When they reached the shore of Werowocomoco and beached their dugouts, Kocoum offered his hand to help her from the canoe. She rose with a stifled gasp; the pain in her tense muscles was sudden and fierce. Kocoum placed one of his big hands on the back of her neck and squeezed; she sighed as the tension abated.
“What will you tell your father?” he said quietly.
“What can I tell him, other than the truth?”
They made their way to Powhatan’s longhouse. She felt the eyes of women and warriors on her as she picked her path through Werowocomoco, past the communal dance circle where a few children squatted in the dust corralling ants with twigs, past the homes of her aunts and cousins who sat weaving new-sprouted silk grass in the sun. She caught sight of Matachanna, smiling as she braided a strand of beads into Nonoma’s hair; the smile faded from her sister’s face at the sight of Pocahontas marching in obvious disgrace toward the mamanatowick’s great house.
She came face-to-face with her father’s door flap and stood gazing at it mutely, stupid with loss and humiliation. Kocoum lifted it aside, and she bent automatically to enter.
Down the long length of the hall, she could see that Powhatan was on his feet. He moved about his heart fire with a steadier gait than she had seen him use in many months. Wives chattered in the depths of the longhouse as they worked. Restrained feminine laughter came from the bedsteads along the walls, the thumps of sleeping mats being beaten. A woman hummed as she sorted the contents of a storage bag. Pots of paint and a flea whisk made of pungent dried herbs lay at her bare feet. At the fire, Powhatan fondly patted the heads and bottoms of a pair of young wives, who giggled as they assembled a roasting spit with green saplings and twine made of deer sinew.

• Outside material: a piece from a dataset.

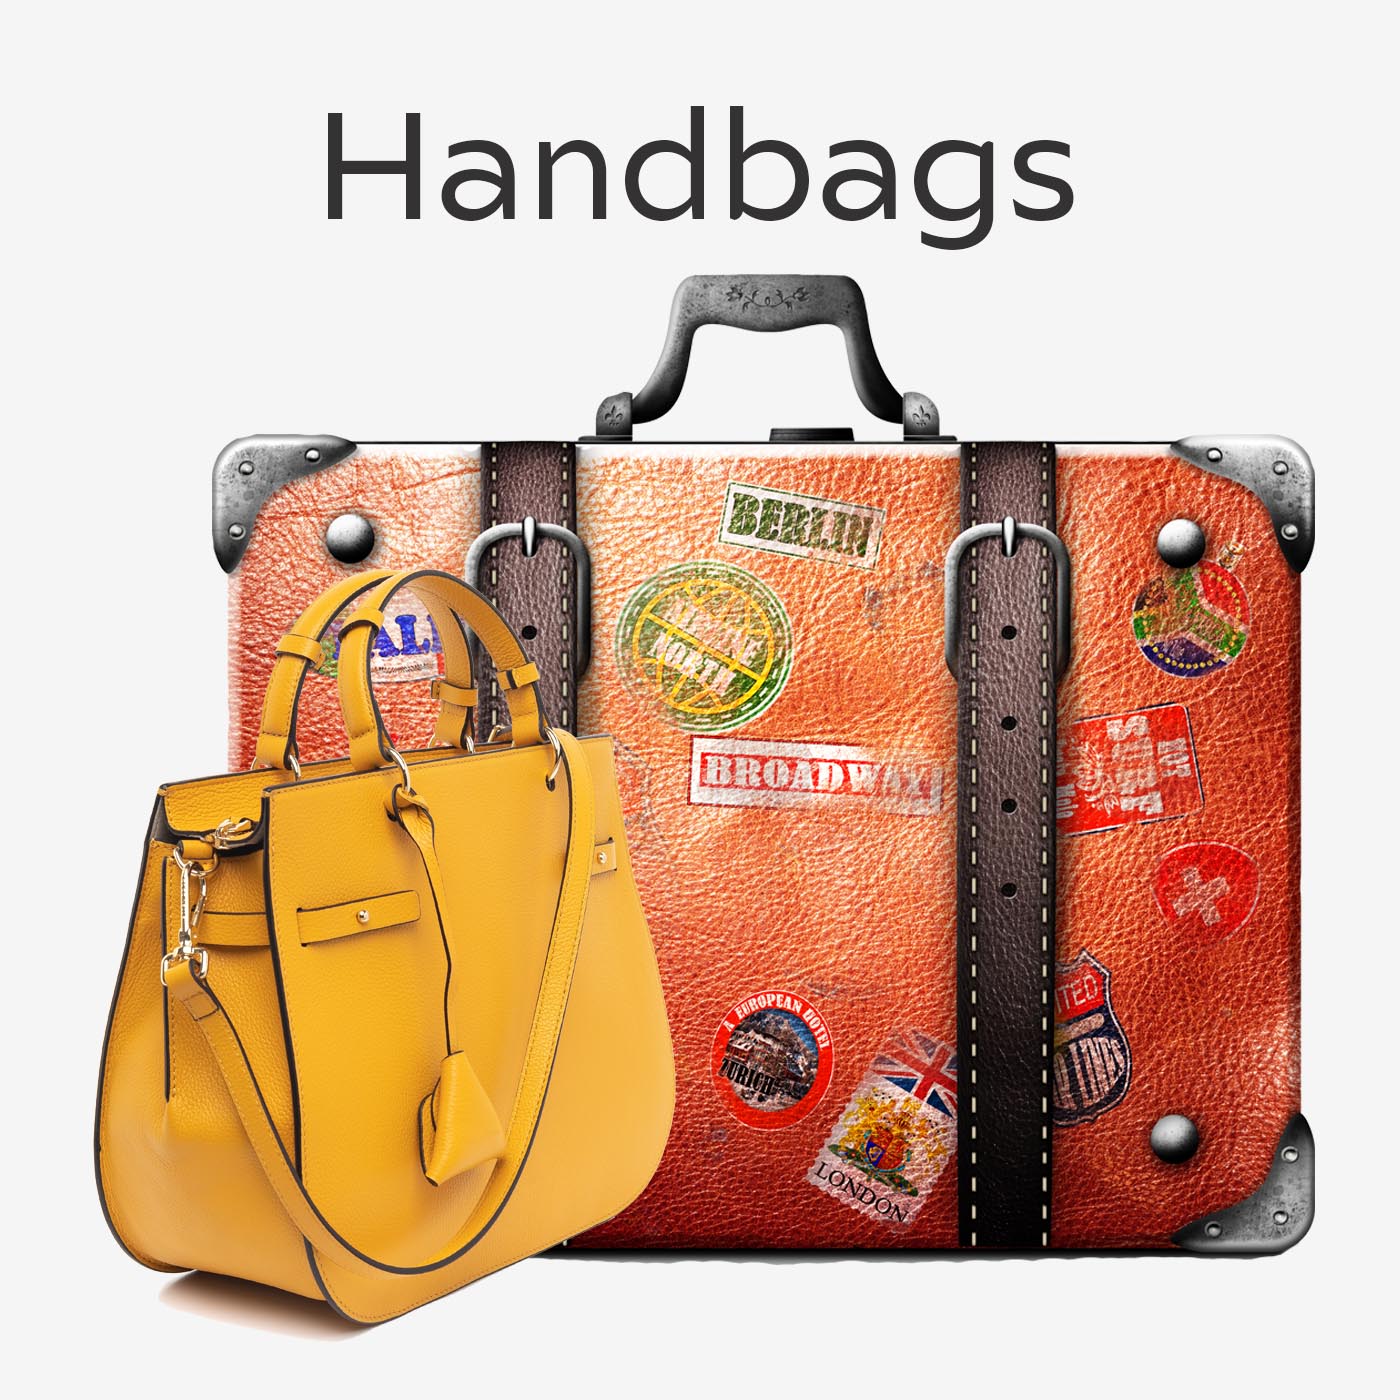 Handbags & Purses

Pocahontas’s feet dragged as she drew nearer. She had not seen her father so happy in far too long. It was the anticipation of guns, she knew, the growing and flourishing of his grand designs. He relished the thought of falling on the Massawomecks, wiping them from the land like a grease stain, claiming their rich territory for the Real People. He was certain that his time had come at last, his victory inevitable, guaranteed by the Okeus, by this strange and contradictory blessing of tassantassas invading Tsenacomoco.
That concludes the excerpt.